Does favoritism exist in transit development?

A report on the impact of transit development on affordable housing

Author: Surya Jacob

Abstract

A larger proportion of the growing population in many North American cities consists of immigrants, millennials, young families, and working professionals. Cities are places that attract people while contributing to good experiences and facilities. However, as cities grow to accommodate the new incoming population, the services are extended to cater to people’s needs. This paper examines the relationship between rapid transit and the availability of affordable housing. The choice of transit and housing are interrelated. Accessibility to transit also leads to more job opportunities and other services. Hence, the study is focused on analyzing the degree of gentrification due to a new transit development in the neighborhood. Furthermore, the paper examines the need for affordable housing close to transit and analyzes the current residential development market next to rapid transit.

1. Introduction 

Whether in a developing nation or a developed country, the rapid growth of private automobiles  has led to congestion and accidents, but low-income and disabled individuals are excluded from  access. (Richardson, 1999). The promotion of public transportation is one of the sustainable  elements of transportation systems. (Sisi Yan, 2012). According to Kramer, affordability for people  who wish to live close to transit is essential. (Kramer, 2018). Requiring access for everyone in the  household, low-income groups may prefer reliable public transit over the woes of owning a private  vehicle and the associated expenses. Young adults and women may also prefer taking rapid  transit for various daily needs. It is therefore essential to clearly understand the current demand  while building housing around transit. A fair transport system for people with limited access to  private transportation is enhanced by public transport. (Sisi Yan, 2012) 
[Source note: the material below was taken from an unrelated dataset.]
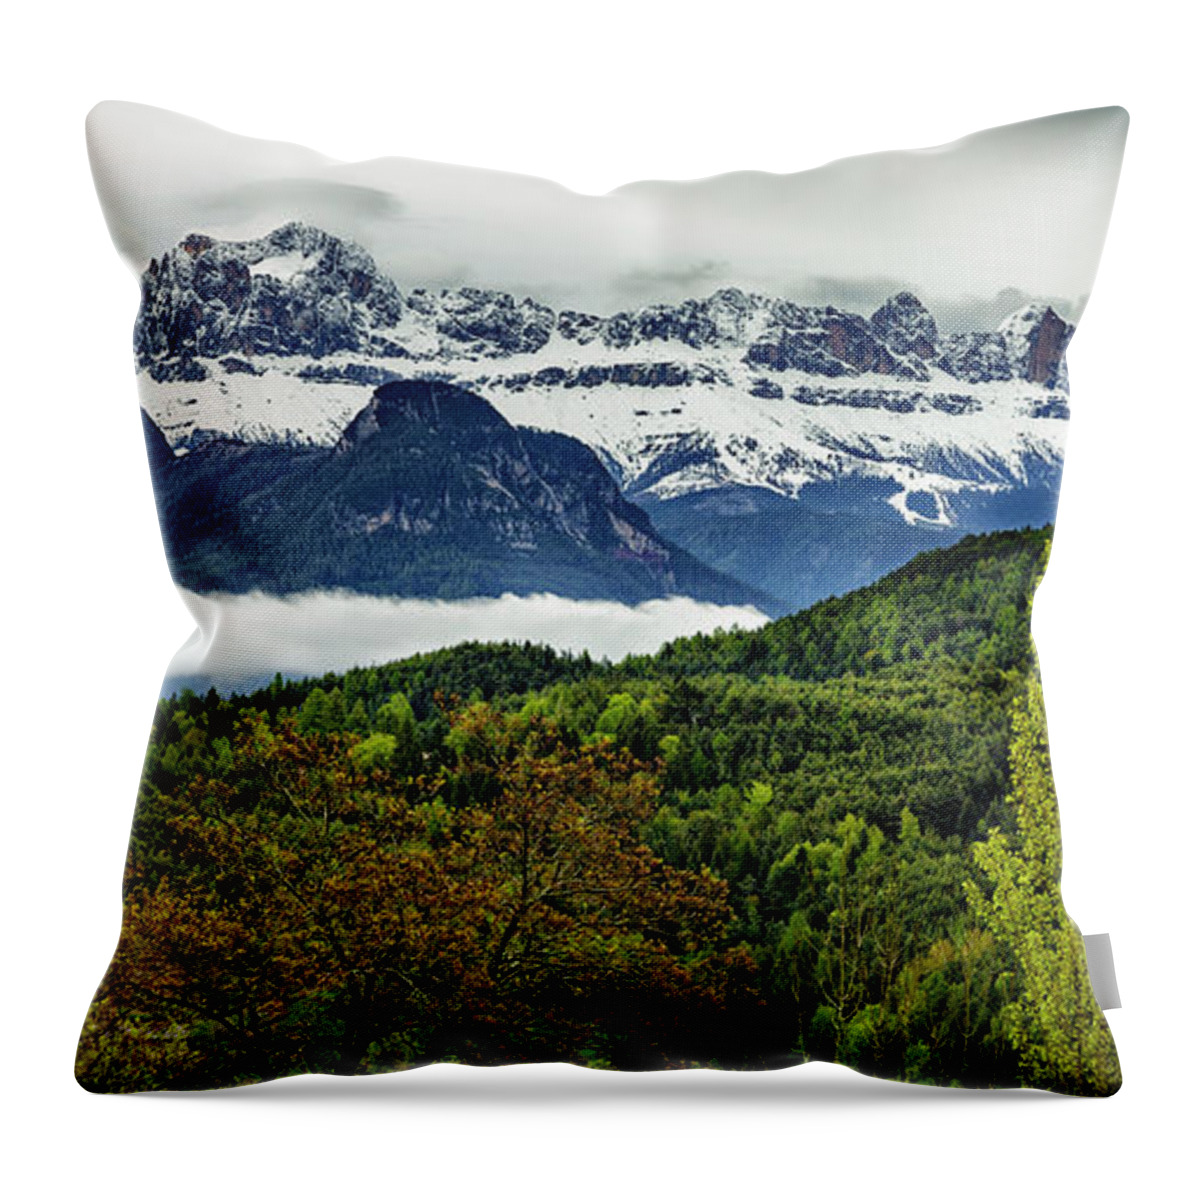 Gary-johnson Throw Pillow featuring the photograph The Dolomites by Gary Johnson

Researchers in the past have found a positive impact by new transit infrastructure on the “quality  of life, health, and activity patterns, greater accessibility and social inclusion,” especially for those  who do not own a private vehicle. (Foth, 2013). The paper aims to examine the extent of  gentrification fetched by new transit developments and the resident’s perception of its influence  in their neighborhoods in the city of Charlotte.  

The research reports two studies that determine the change in existing property values during the  planning, construction, and operational phases. The other is focused on understanding the  resident’s insight on the effect of a new rail system by comparing two neighborhoods with similar  characteristics. However, one lacks significant developments.

2. Literature Review 

The newest trend of Transit-oriented development is to link high-density housing, jobs, and high quality transit to increase accessibility, shorten commute and encourage more travelers to ride  transit, walk, and bike. Moreover, if this theory is carried out in practice, the resultant experience  of travel will reduce the vehicle miles traveled and, therefore, greenhouse gas emissions. (Alex  Karner, 2014). 
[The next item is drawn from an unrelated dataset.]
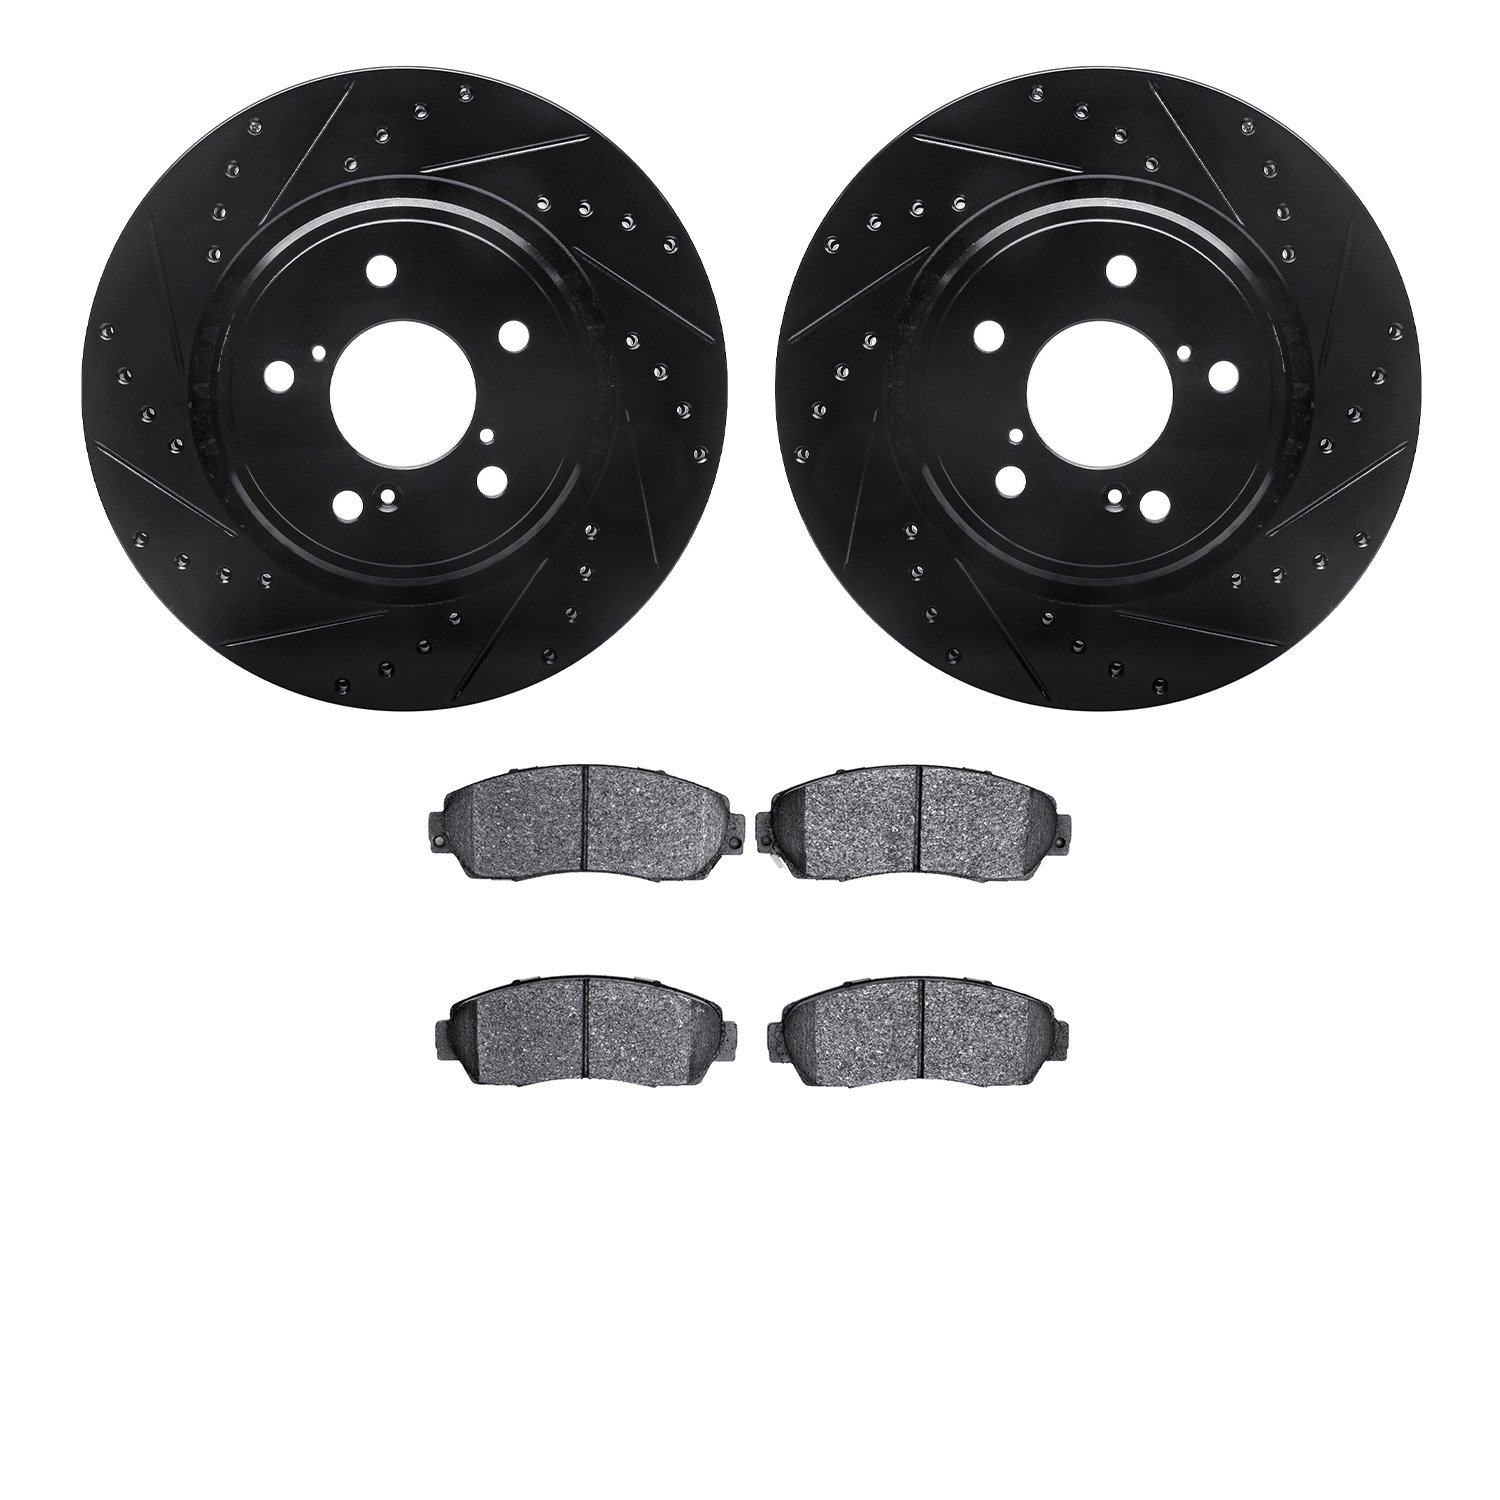 8302-59087 Drilled/Slotted Brake Rotors with 3000-Series Ceramic Brake Pads Kit [Black], Fits Select Acura/Honda, Position: Fron

Baker argues the fact that these foreseeable benefits may give rise to gentrification. Property  values and rents in the areas close to the stations are more likely to increase as they become  more desirable due to the transit factor. Consequently, the group of low – and – moderate-income  residents and minorities with the most need for and who can benefit from the value-added systems  may not reside in the areas. Baker also emphasizes that developers often target higher-income  residents around LRT station areas by building condominiums and upscale housing. The studies  on light rail and transit-oriented developments primarily use land and property value changes as  gentrification indicators. (Dwayne Marshall Baker, 2017) 
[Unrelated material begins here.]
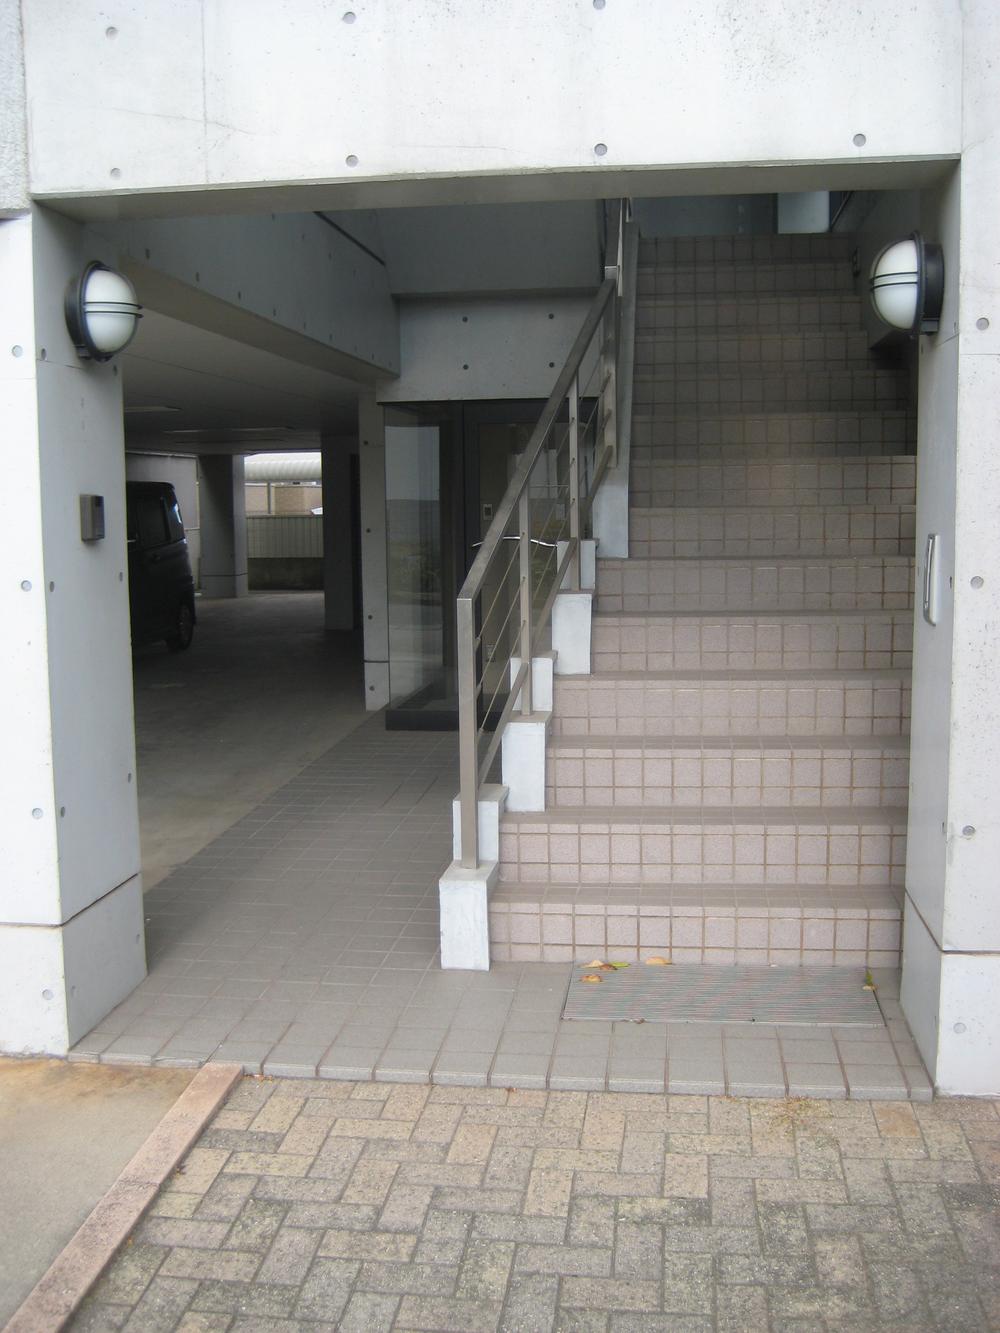 Local appearance photo. Entrance stairs

For instance, while studying the effects of light rail planning on vacant residential property in  Portland, Oregon, Baker, according to a study by Knaap, Ding, and Hopkins, 2001 found “that  plans for light rail investments positively impact land values in proposed station areas.” According  to their study, the results indicate that planning for new development such as a light rail system  causes housing prices to rise and potentially prices out the low-income residents. (Dwayne  Marshall Baker, 2017). According to the 2000 Census Data, the higher-income households who  use transit less are close to those developments in Atlanta, Baltimore, Chicago, Cleveland, Dallas,  Denver, Los Angeles, Portland, San Diego, San Francisco, St Louis, and Washington D.C. The  study in 2010 claims that low and moderate-income individuals who needed this development  were displaced further away. It is also evidence that no housing policies exist to protect against  the increasing land values, home values, and rents. (Cozart, 2017). 

(Dawkins, 2016) found that home prices are 6 percent to 45 percent higher near transit stations  than other parts of the city through a literature review by Cervero, 2004. Additionally, a recent  analysis established that houses close to transit demand 4 percent higher rents than other  properties. The condition is viewed in areas within a 0.25 miles extent of public transit. (Casey  Dawkins, 2016). The woes faced by the low-income groups due to gentrification are that they  often tend to choose an alternative that costs them more in terms of longer commutes and  compromises access to other essential services. 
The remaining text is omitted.